La rencontre, qui se tenait à l’Université Paris 8 Saint Denis, a rassemblé tous les acteurs impliqués dans le projet «En associant leurs parents, tous les enfants peuvent réussir» : des associations comme ATD Quart Monde qui fut un précurseur, les PEP (Pupilles de l’Enseignement Public) ou encore la FCPE (la première fédération de parents d’élèves), mais aussi des collectivités locales, des établissements scolaires, des centres sociaux, des parents…
Un village de projets
Le réseau s’est constitué en 2010 à partir d’un double constat. D’abord, l’école française est l’une des plus inégalitaires qui soient : les enfants de milieux défavorisés y ont moins de chances de réussir que les enfants de cadres et ils sont souvent relégués aux filières de second rang. Ensuite, les parents les plus éloignés de l’école sont souvent traités de démissionnaires car on ne les voit pas aux réunions. Or cela s’explique : souvent traumatisés par une scolarité douloureuse, ils ont peur de l’école. Ou ils parlent mal le français et sont perdus devant les méandres du système français avec tous ses codes.

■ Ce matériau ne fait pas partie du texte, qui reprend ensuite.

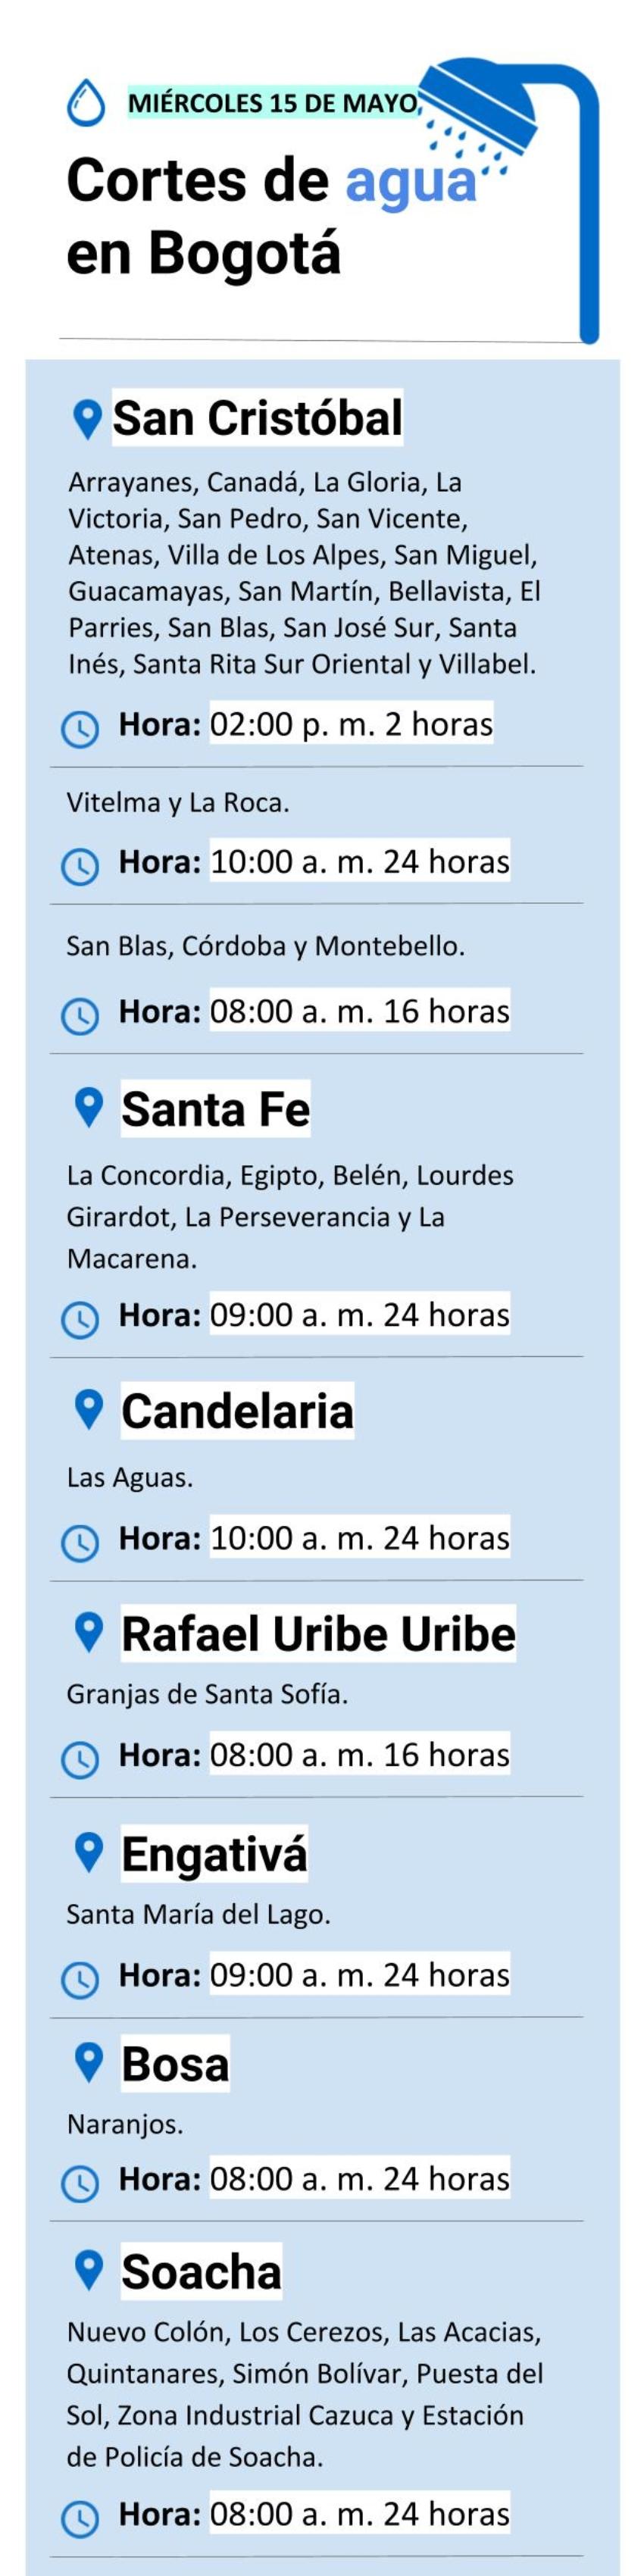 Cortes de agua en Bogotá miércoles 15 de mayo

Dans le bâtiment D de la fac, le hall avait été transformé, pour l’occasion, en «village de projets». Debout derrière des tables, proposant des brochures ou de petites expositions, des groupes étaient venus de toute la France présenter leurs expériences.
A Nantes, dans le quartier Bottière Pin Sec où le chômage atteint 33%, on a créé un Espace parents dans deux écoles maternelles. Une fois par semaine le matin, juste après que les parents aient déposé leurs enfants, «un temps convivial» est proposé autour d’un café avec des représentants scolaires, municipaux, sociaux. La pause-café est animée par la directrice de l’école et par une éducatrice. Lors d’un atelier, l’équipe nantaise a toutefois confié ses craintes quant à l’avenir, notamment après la suppression du poste de coordinatrice dans une école dans le cadre de la réforme de l’éducation prioritaire.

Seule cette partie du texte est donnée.